The problem: Beginning with the line containing "my pink and green crochet dream" and going on through the line containing "The contestants will", the lines below are to be returned exactly, pictures excluded and nothing added.
START The data
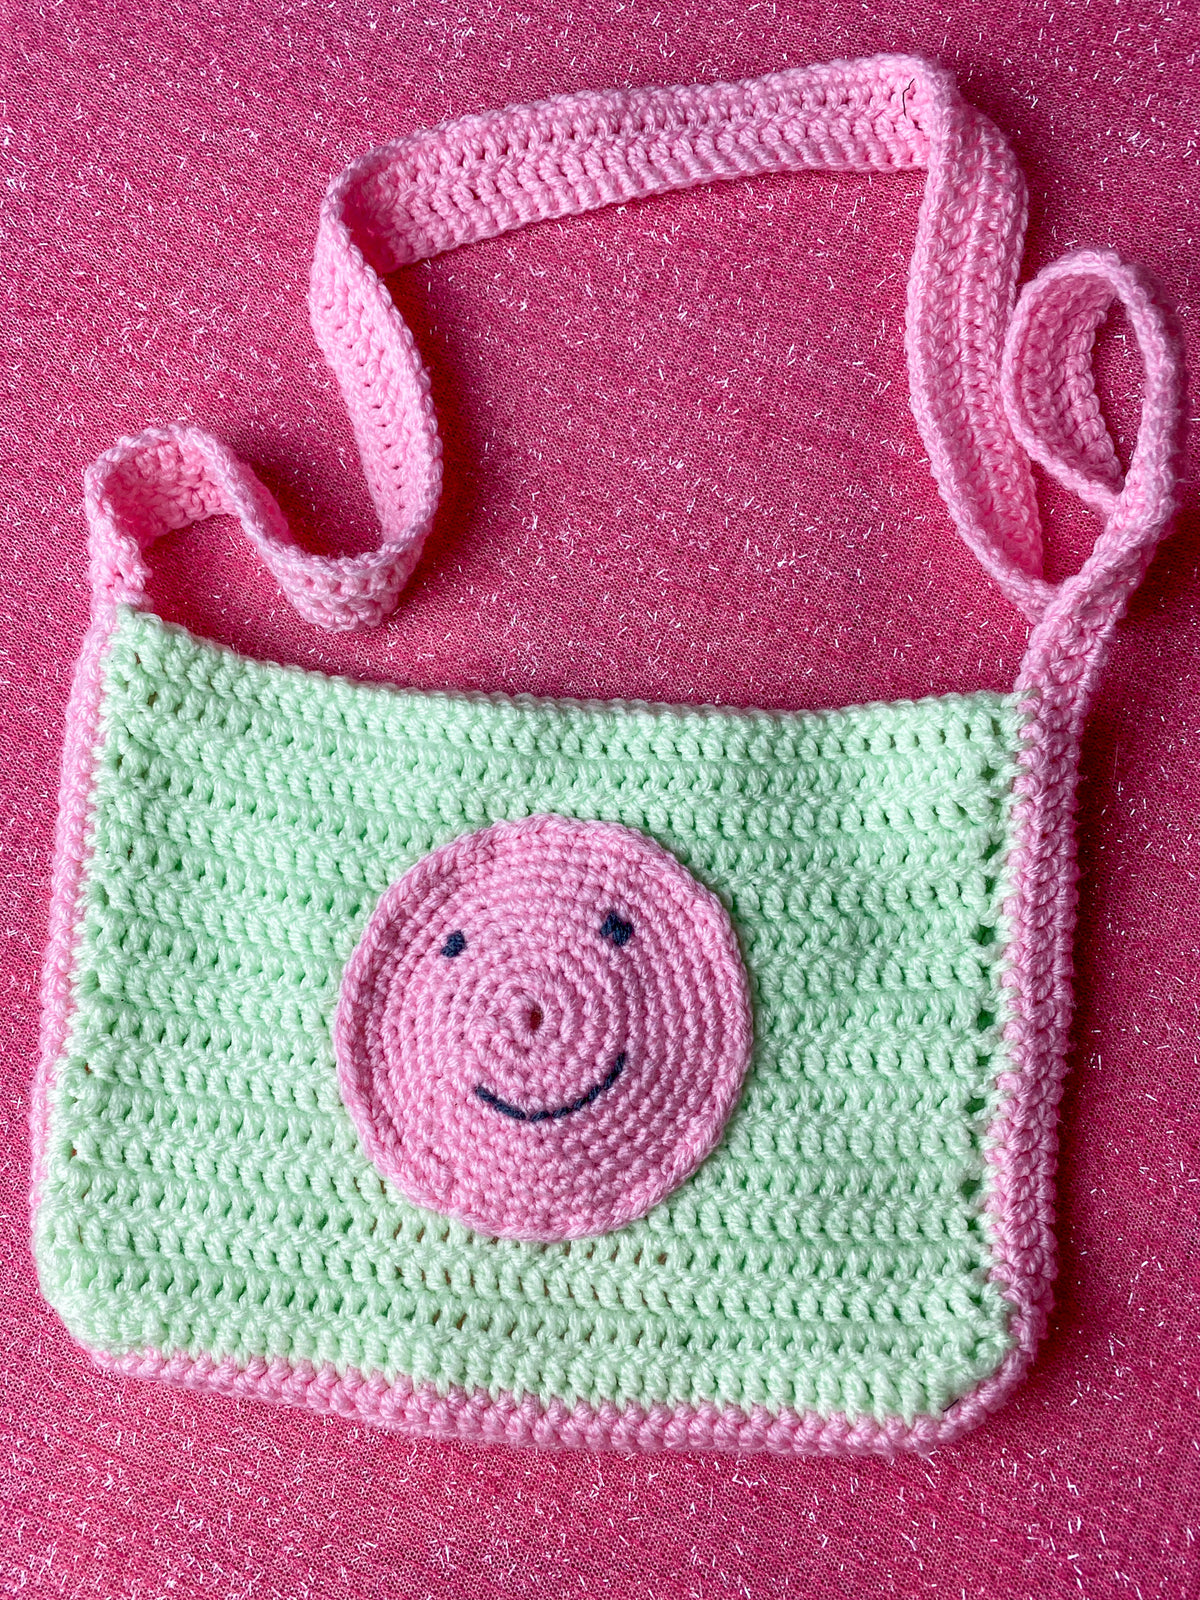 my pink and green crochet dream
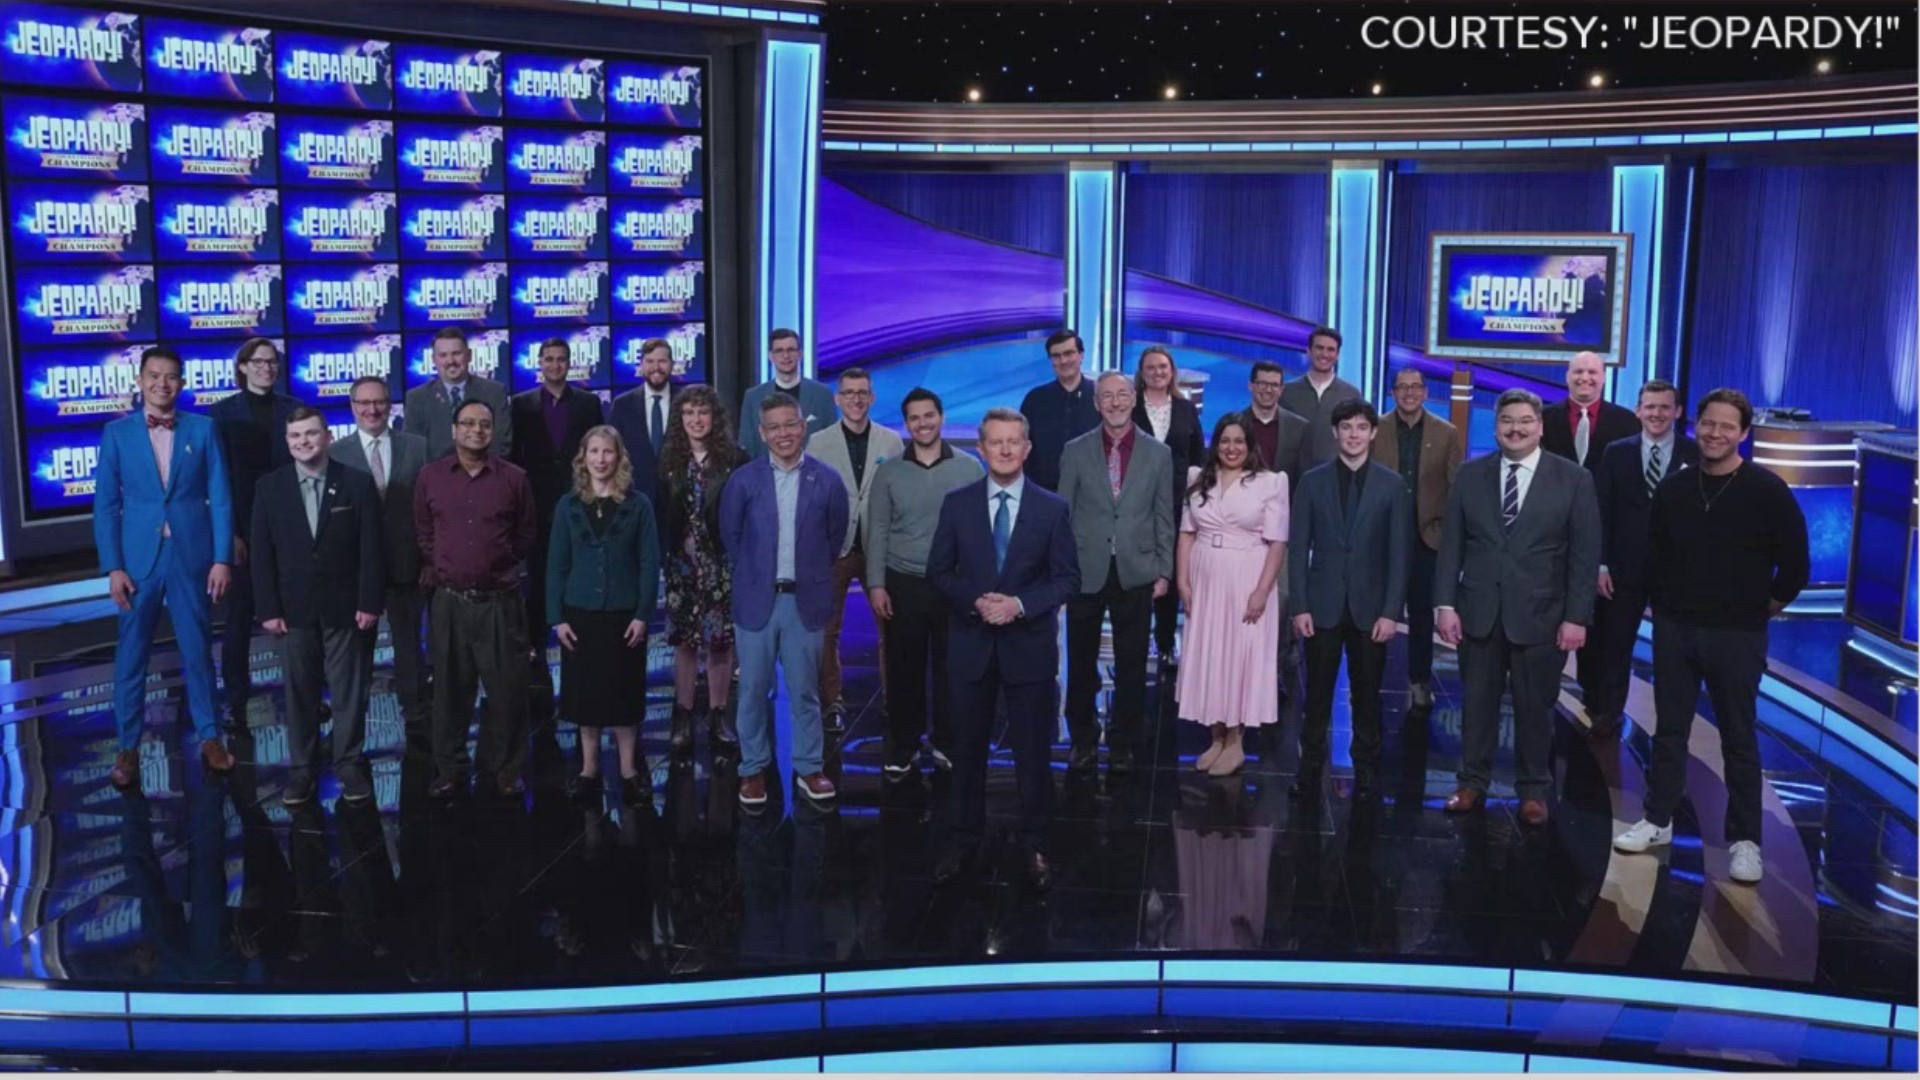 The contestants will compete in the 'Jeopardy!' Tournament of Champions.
END The data
START The data
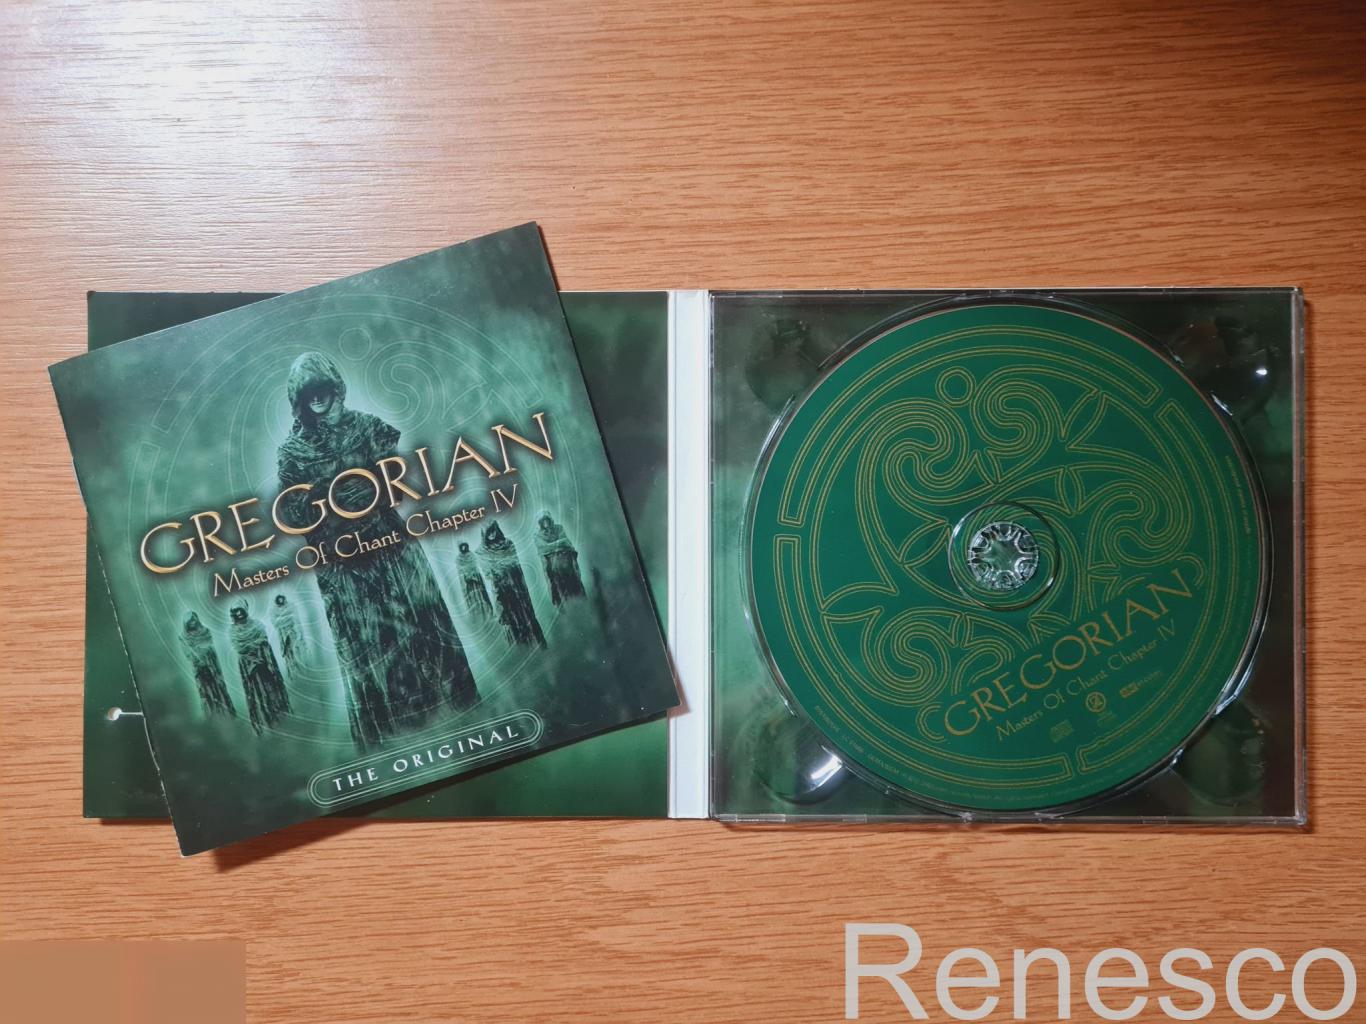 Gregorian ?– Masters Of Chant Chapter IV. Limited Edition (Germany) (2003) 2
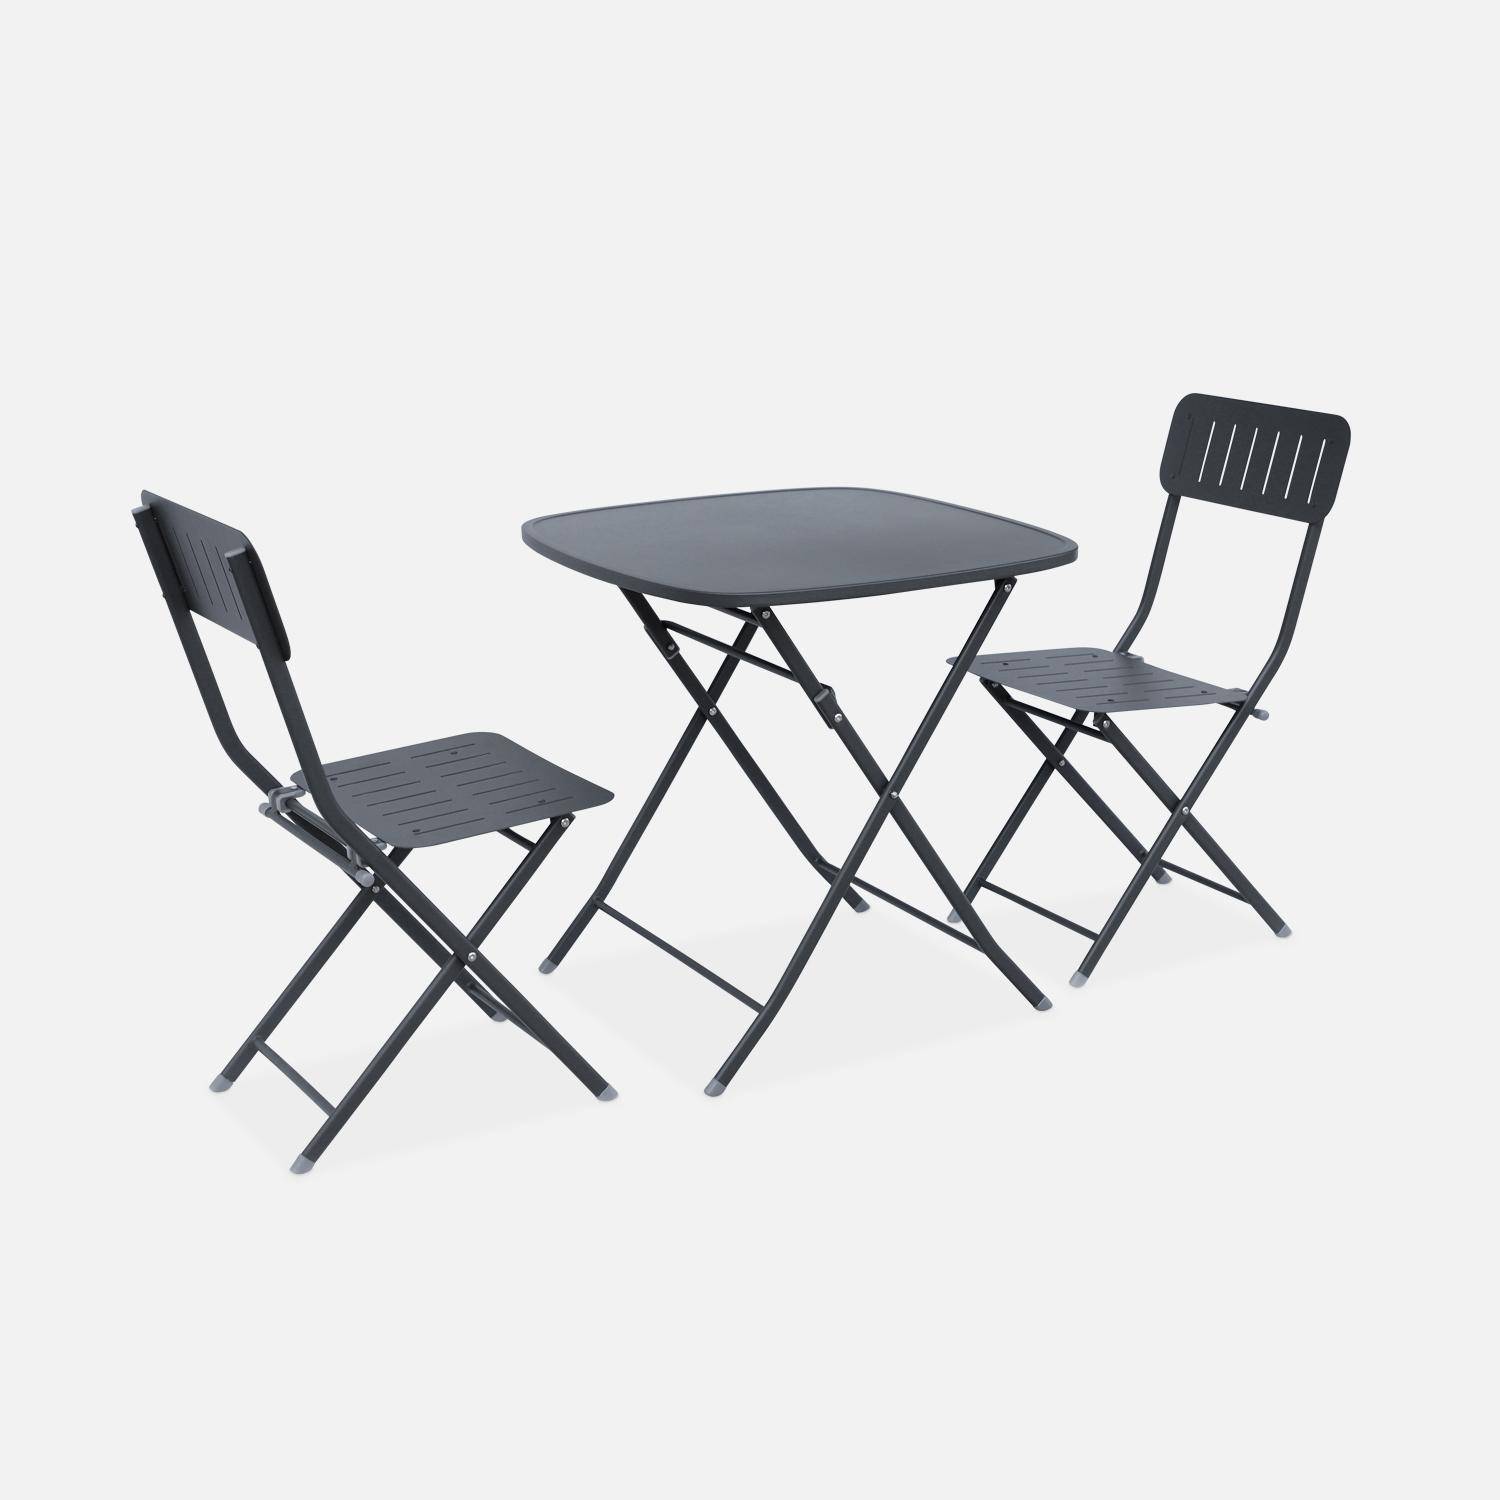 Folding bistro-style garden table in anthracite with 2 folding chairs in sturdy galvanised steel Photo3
END The data
START The data
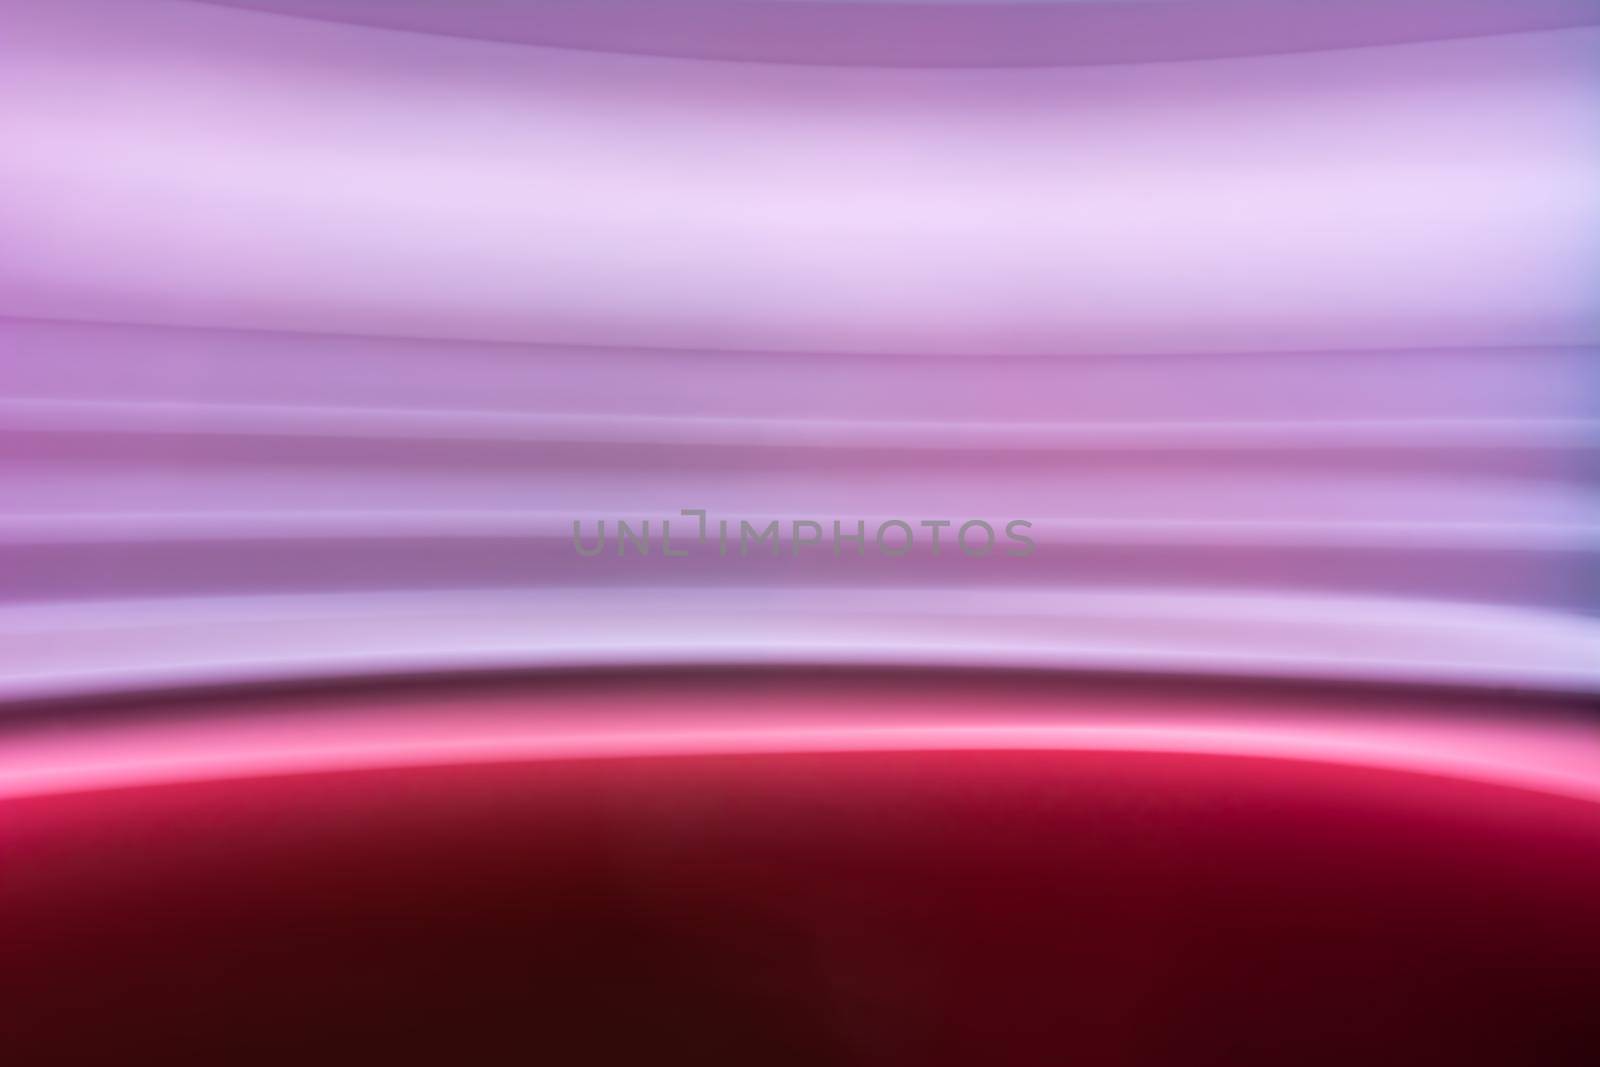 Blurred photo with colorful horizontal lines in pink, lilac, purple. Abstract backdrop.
END The data
Task result:
 my pink and green crochet dream
 The contestants will compete in the 'Jeopardy!' Tournament of Champions.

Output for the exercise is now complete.